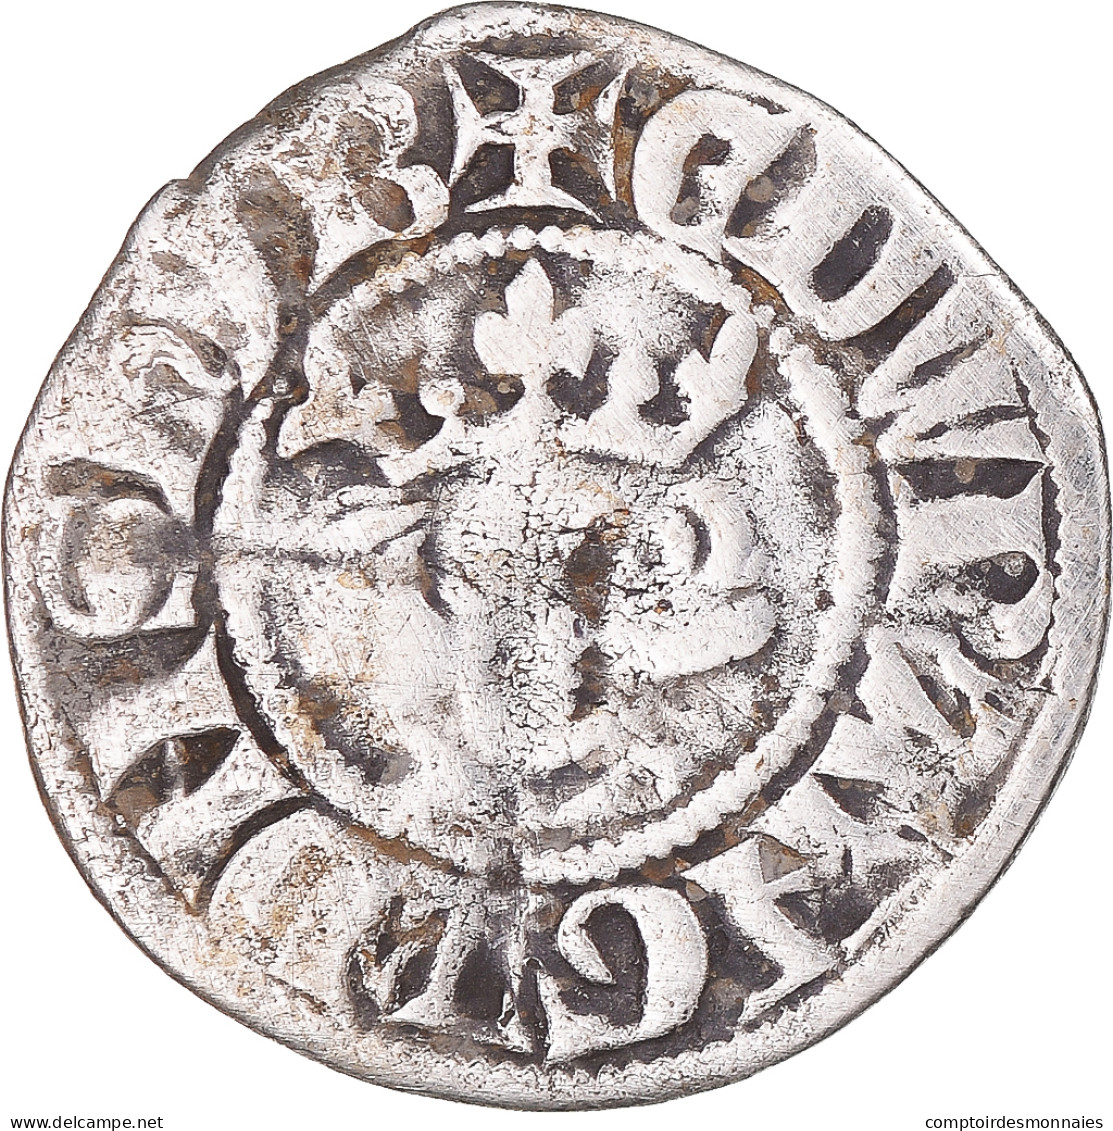 Monnaie, Grande-Bretagne, Edward I, II, III, Penny, Canterbury, TB+, Argent - 1066-1485 : Bas Moyen-Age
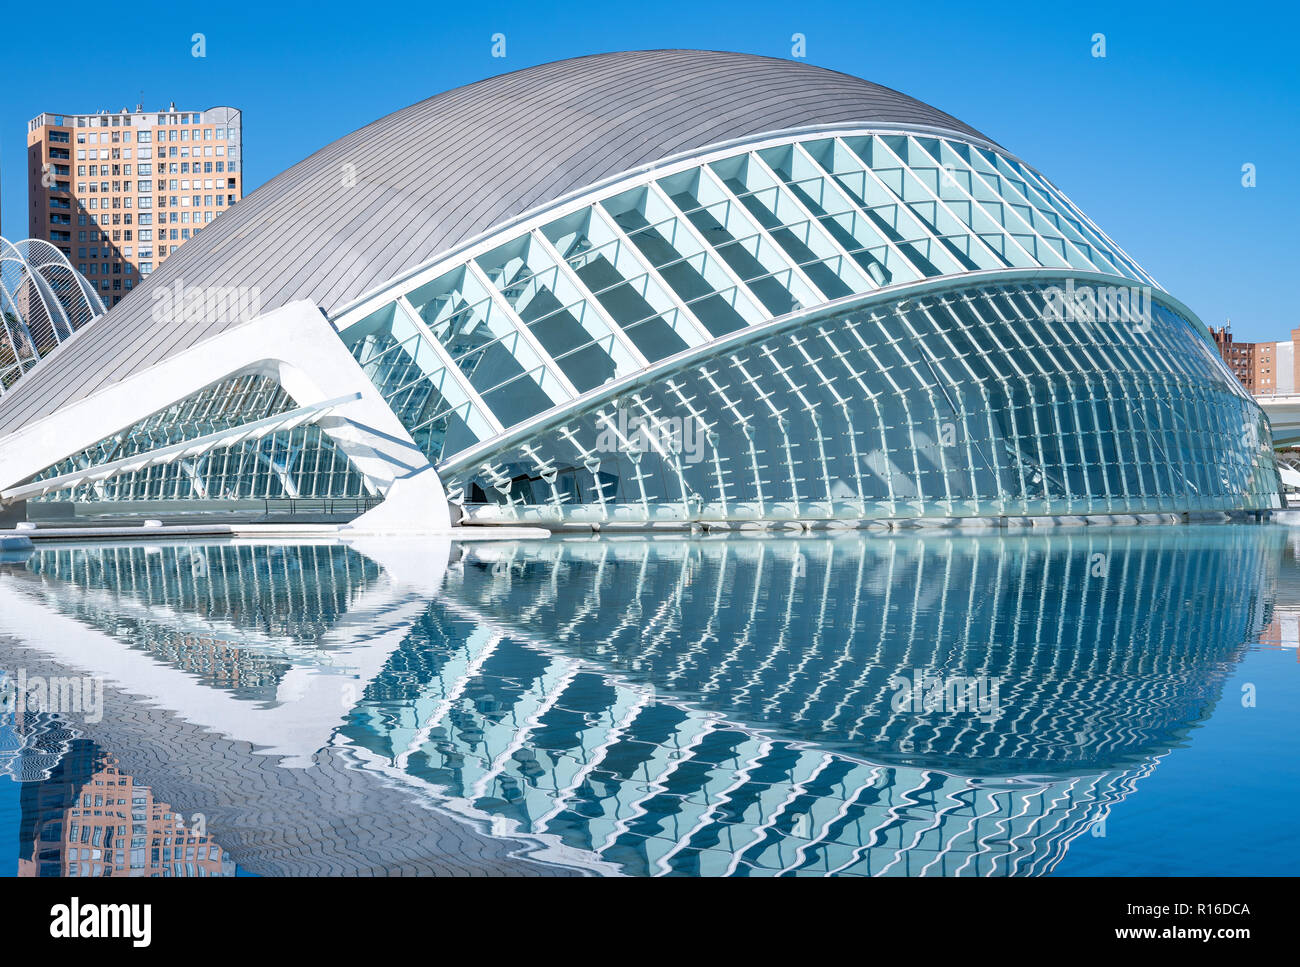 Valencia, Spagna - Octuber 15, 2016: la Città delle Arti e delle scienze dell'architetto Calatrava. L'emisfero, installazione per il cinema digitale projectio Foto Stock
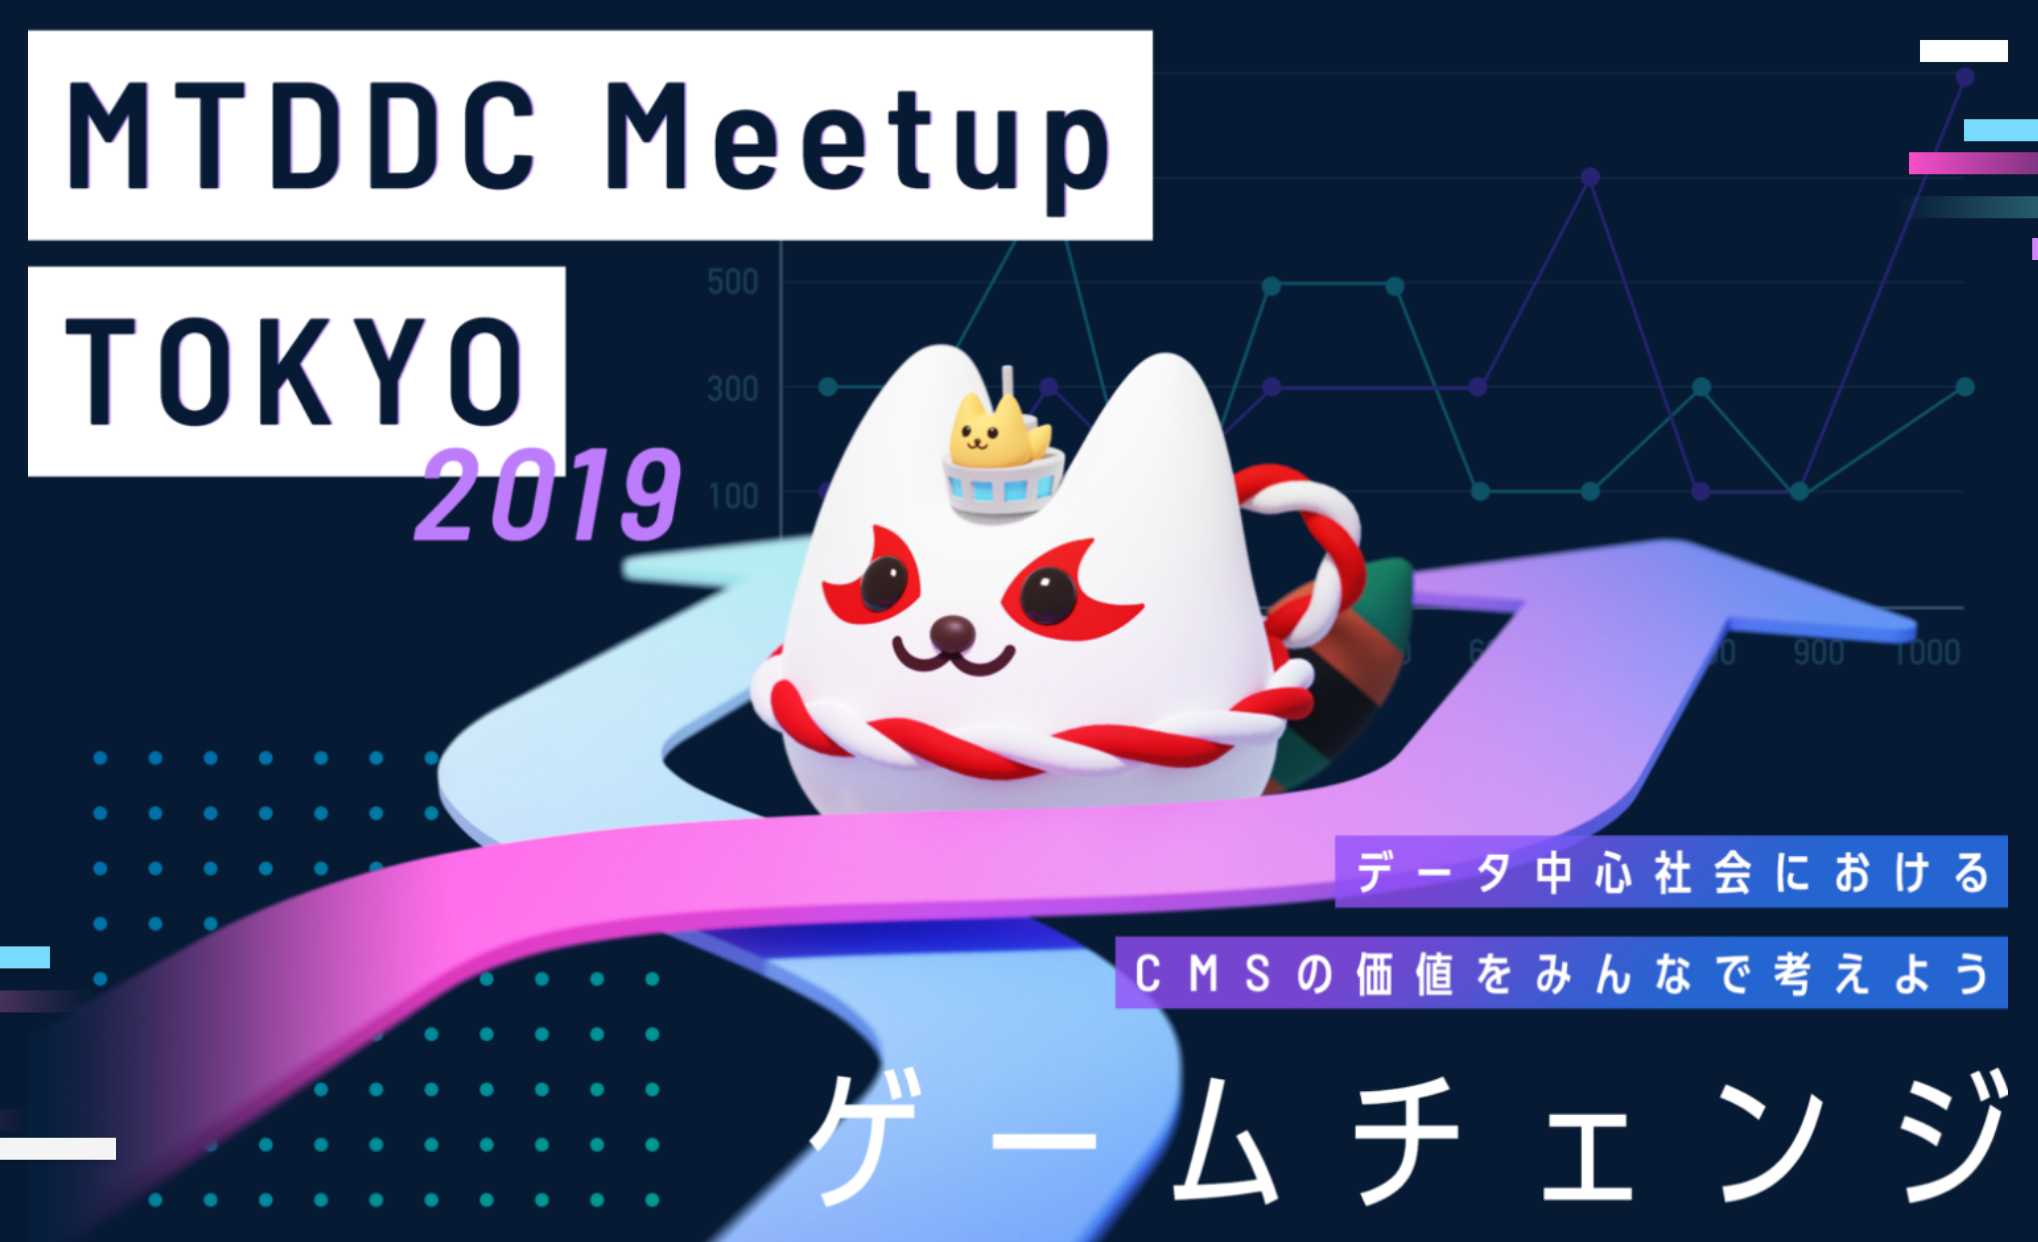 ウェブとAI/IoTで、今できることがわかる! #MTDDC meetup TOKYO 2019 でお待ちしています #週刊SA

**WHAT YOU HAVE TO DO**
Would you reproduce the listing above exactly, without any of its images?

**RESPONSE TO THIS TASK**
 Monnaie, Grande-Bretagne, Edward I, II, III, Penny, Canterbury, TB+, Argent - 1066-1485 : Bas Moyen-Age
 Valencia, Spagna - Octuber 15, 2016: la Città delle Arti e delle scienze dell'architetto Calatrava. L'emisfero, installazione per il cinema digitale projectio Foto Stock
 ウェブとAI/IoTで、今できることがわかる! #MTDDC meetup TOKYO 2019 でお待ちしています #週刊SA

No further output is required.